(Provided data)

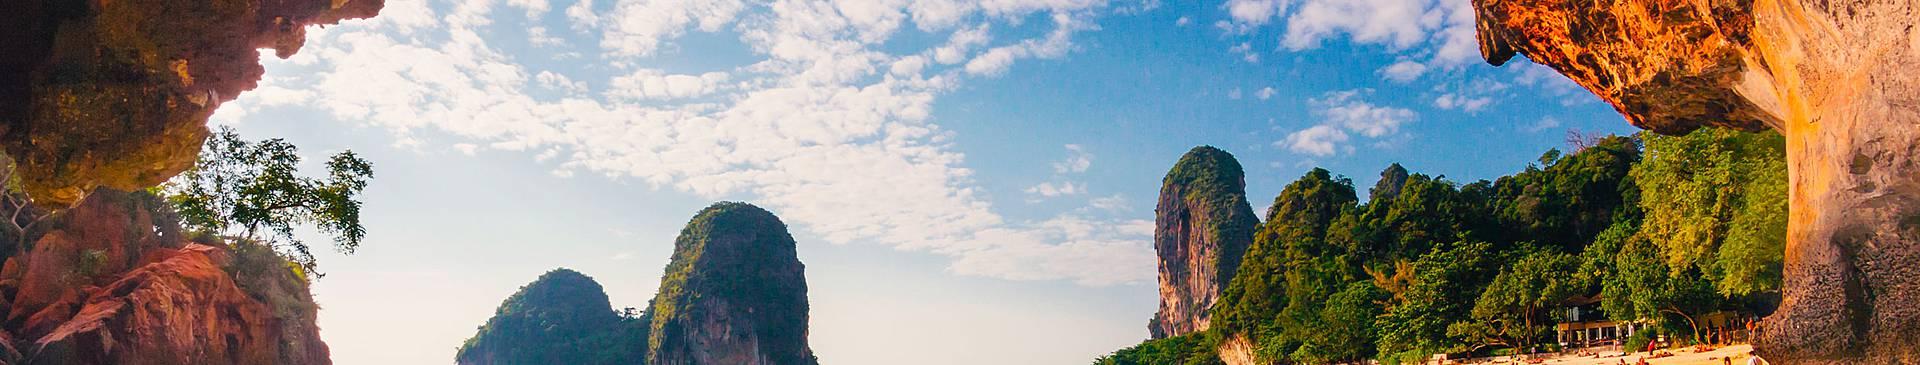 Voyage nature en Thaïlande
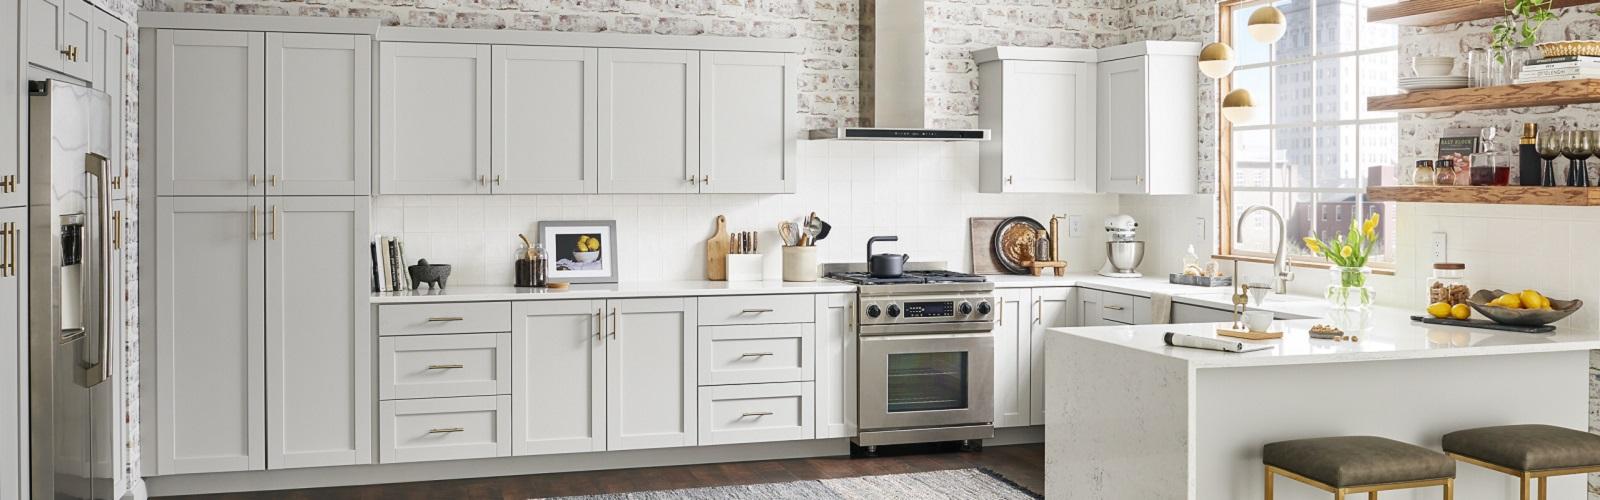 Wolf Endeavor White Kitchen Cabinets
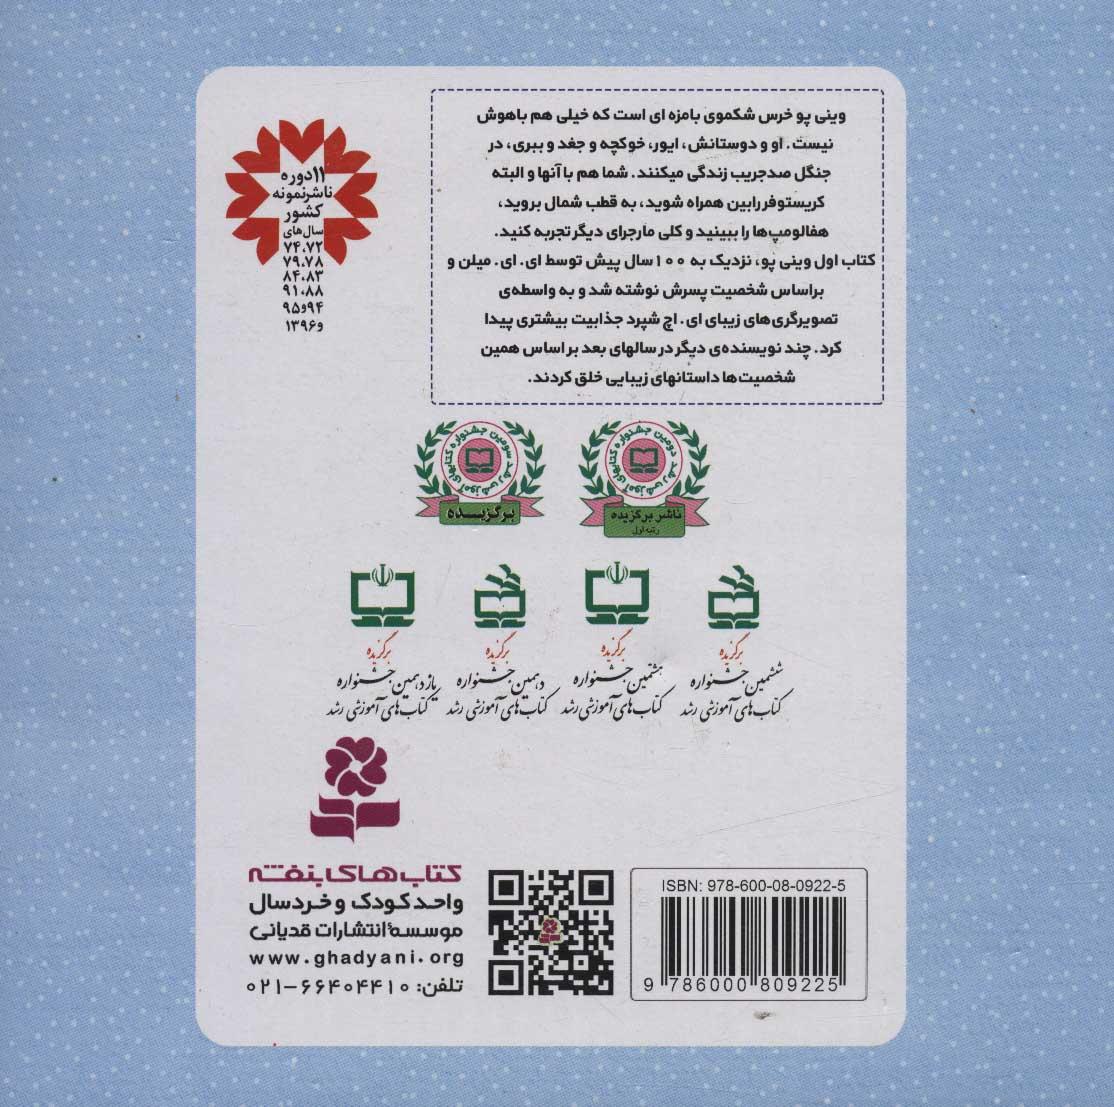 مجموعه قصه های وینی پو (33جلدی،باجعبه)
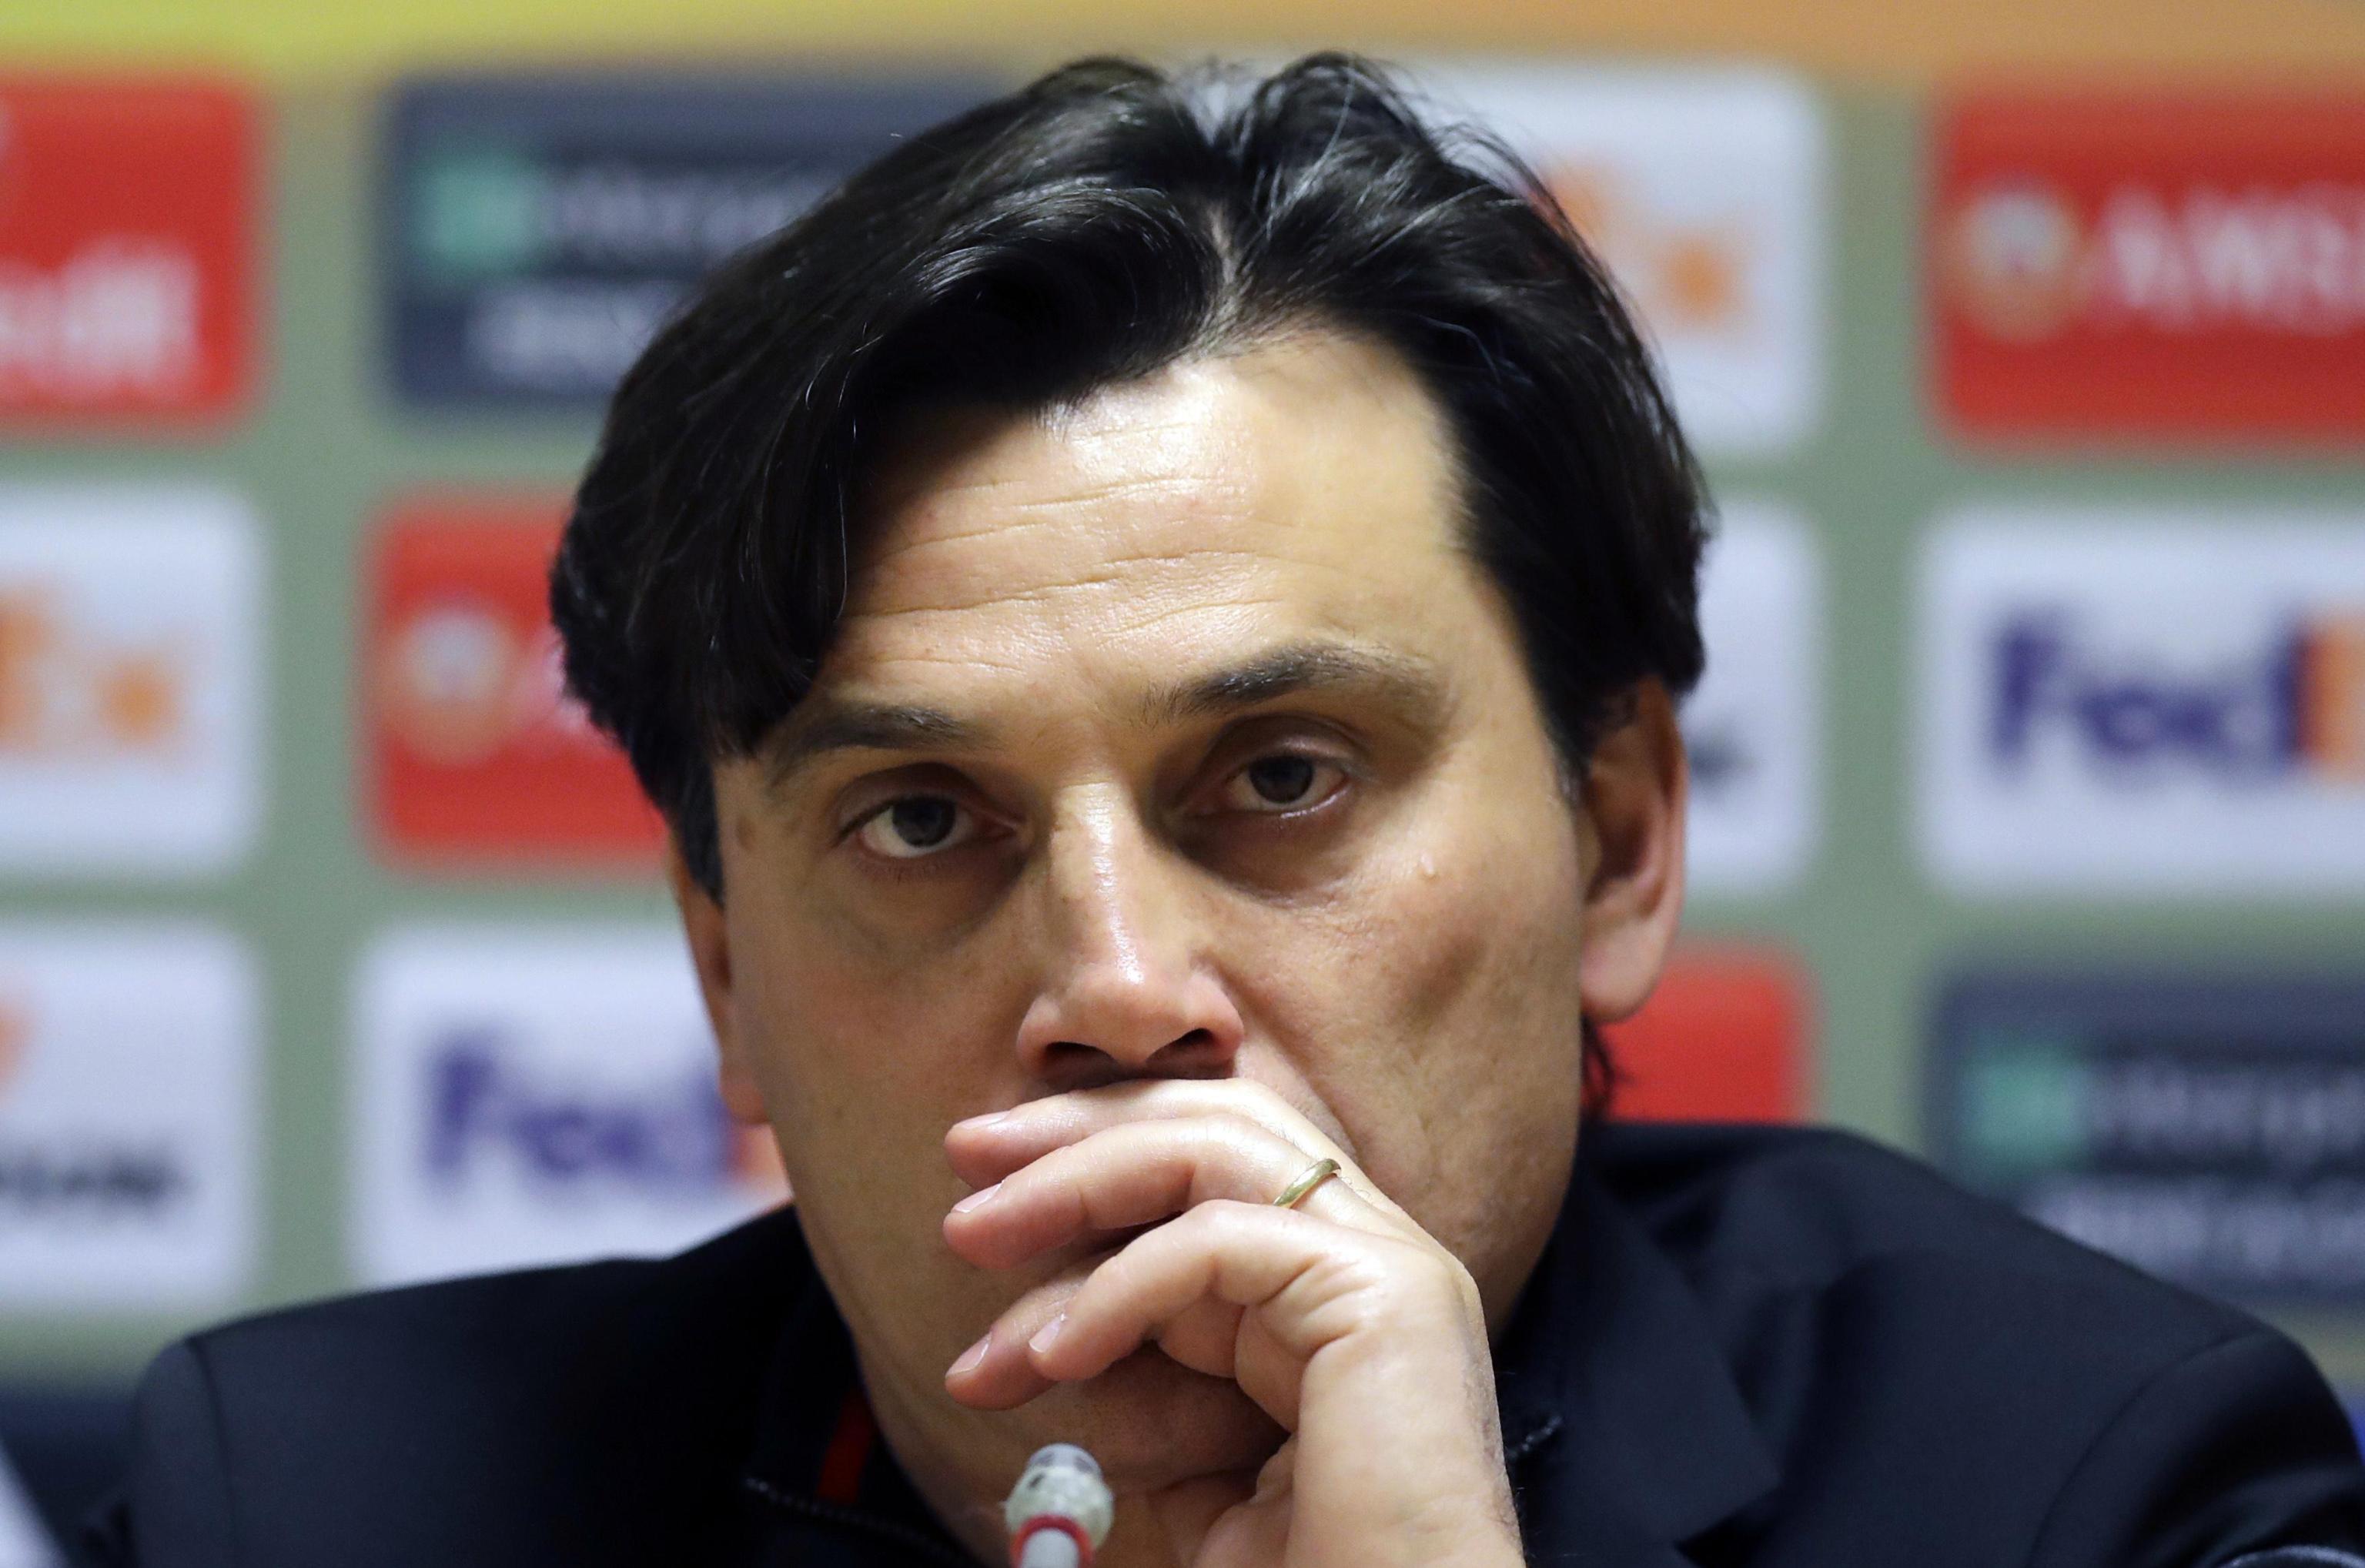 Montella esonerato dal Milan, squadra affidata a Gattuso

(End Provided data)

**Exercise brief**
Recopy the whole listing above precisely, excluding images.

**Completed exercise**
 Voyage nature en Thaïlande
 Wolf Endeavor White Kitchen Cabinets
 مجموعه قصه های وینی پو (33جلدی،باجعبه)
 Montella esonerato dal Milan, squadra affidata a Gattuso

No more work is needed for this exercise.